The Script have just such a chorus, and they know it: so much so that it has been crammed, with minor trims and fiddles, into almost every song on their second album. It's their secret weapon, a chugging, stately thing which is designed to be equally at home in a stadium sing-along or as the soundtrack to an emotional montage in a TV drama.

What they do is set up a four (or sometimes three) chord trick, where the piano and bass play an urgent four-beats-to-the-bar and Danny O'Donoghue urgently crams a ton of words into a short melodic fragment, which he repeats a lot. He gets to rant and hoot, and they get to strike a few epic rock poses.
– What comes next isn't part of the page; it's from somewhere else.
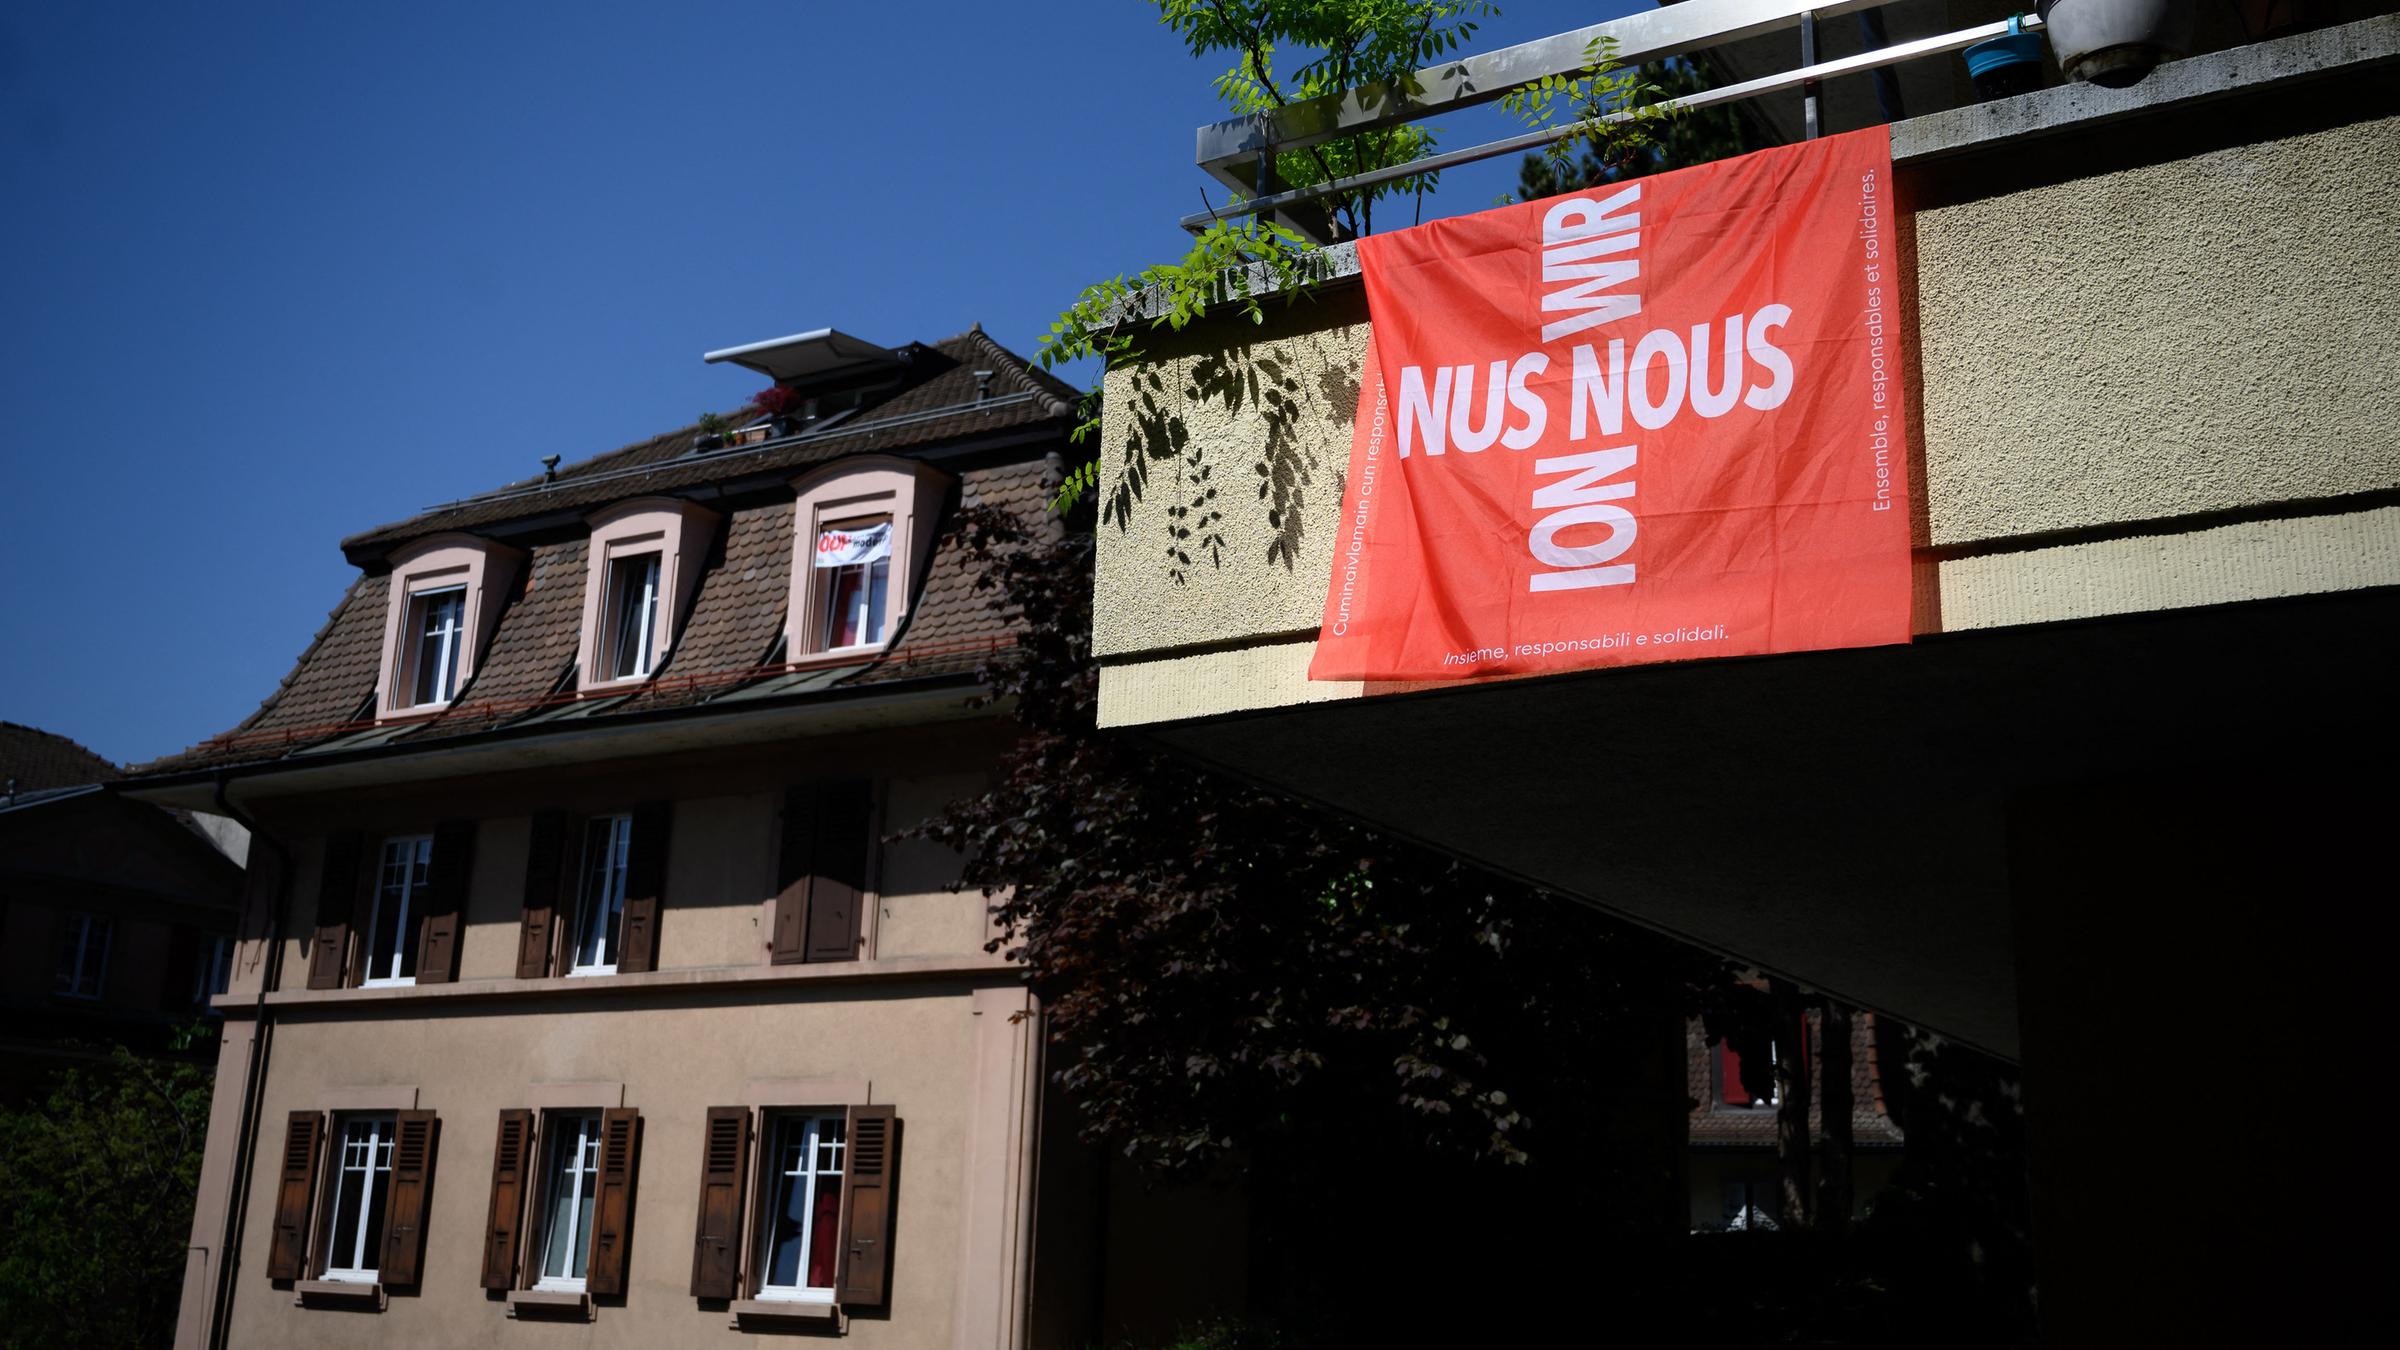 Flagge mit dem Schweizer Kreuz, das aus dem Wort "Wir" in den vier Schweizer Landessprache gebildet wird (Deutsch: Wir, Französisch: Nous, Italienisch: Noi und Rätoromanisch: Nus)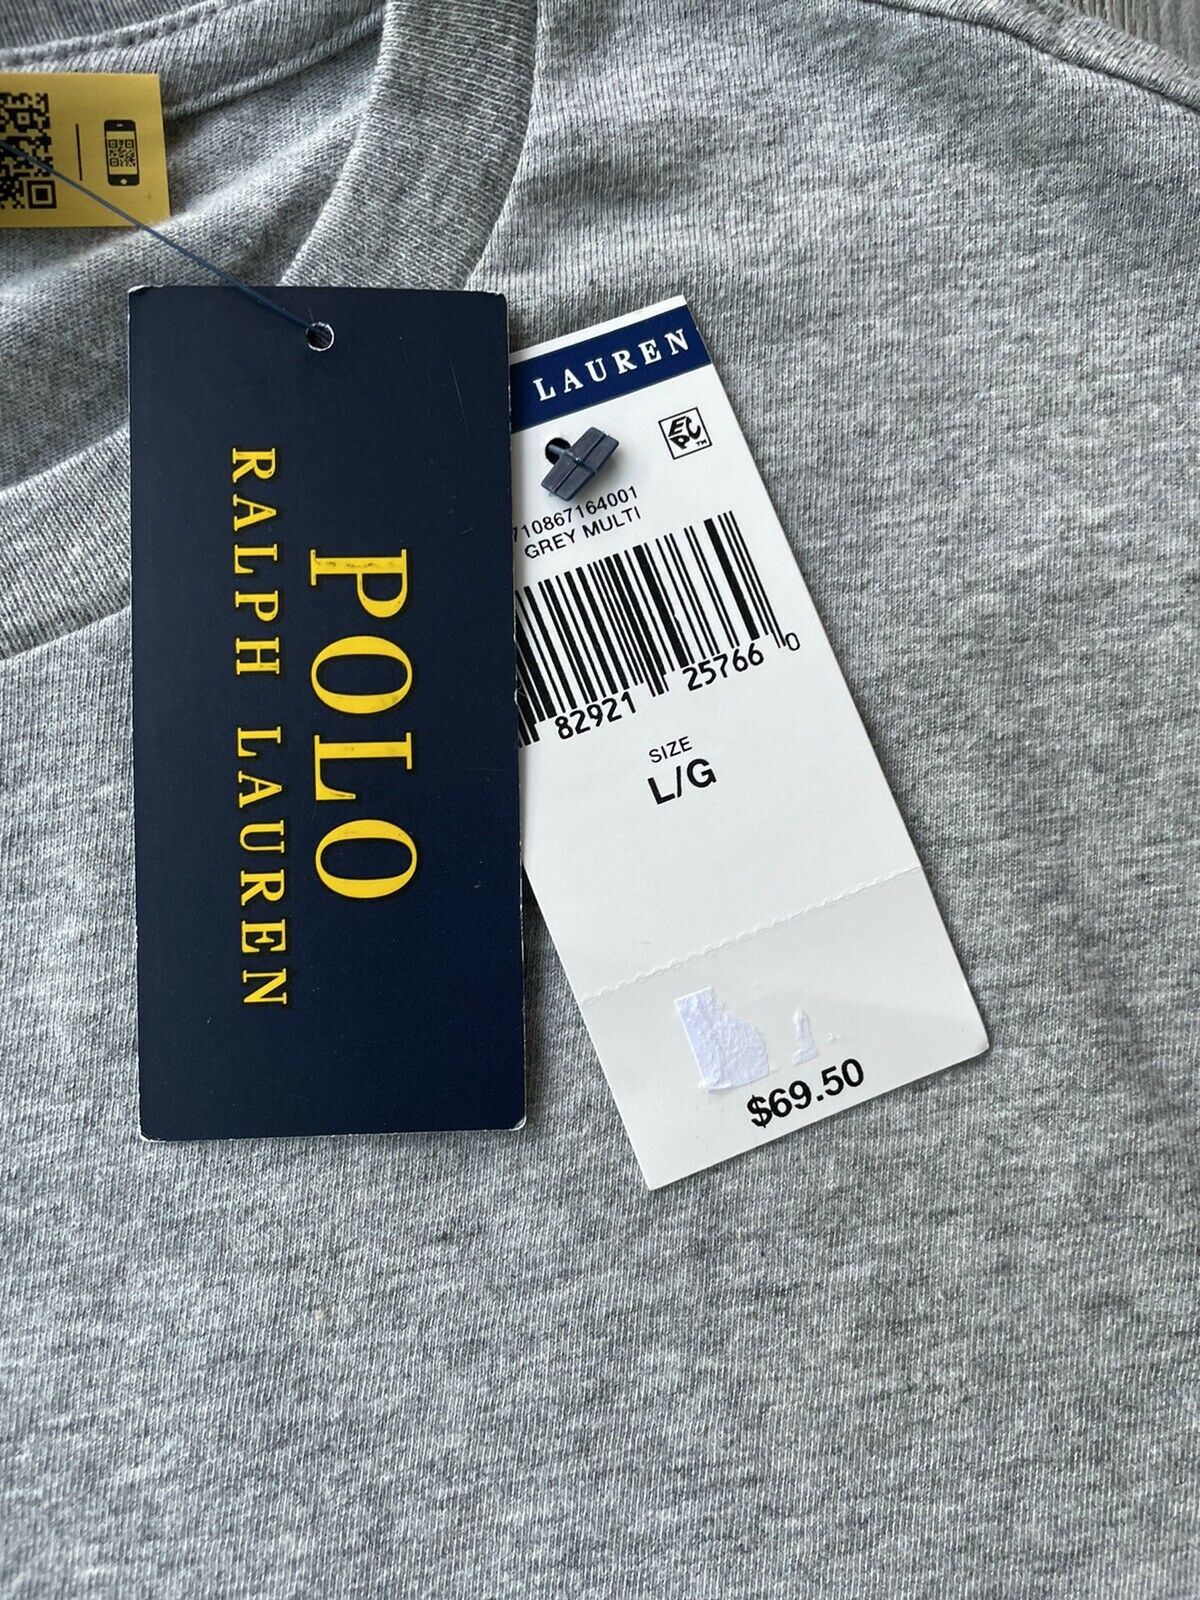 NWT Polo Ralph Lauren Men's Preppy Bear Classic Fit Tri-color T-Shirt Gray Large

Everyone's a winner.

You can tell he loves his hip hop as much as his Keane and U2 - although let's not get carried away, it's Keane that win, by a mile - and his sandpaper croon carries a lot of emotional force, particularly on lovelorn snuggles like For the First Time and Nothing.

The downside of relying on this one good idea quite so much - apart from the rising suspicion that you're stuck in a musical mirror-maze - is that songs which are not blessed with The Chorus seem to be half-finished. Walk Away, for example, is a moodier beast than everything else on offer, being closer to Eminem's self-piteous darkness than Coldplay's sunny optimism. But after a heap of consecutive Big Chorus songs, it's hard to escape the feeling that something has been mislaid.

Luckily, it's not a problem anyone has to put up with for very long.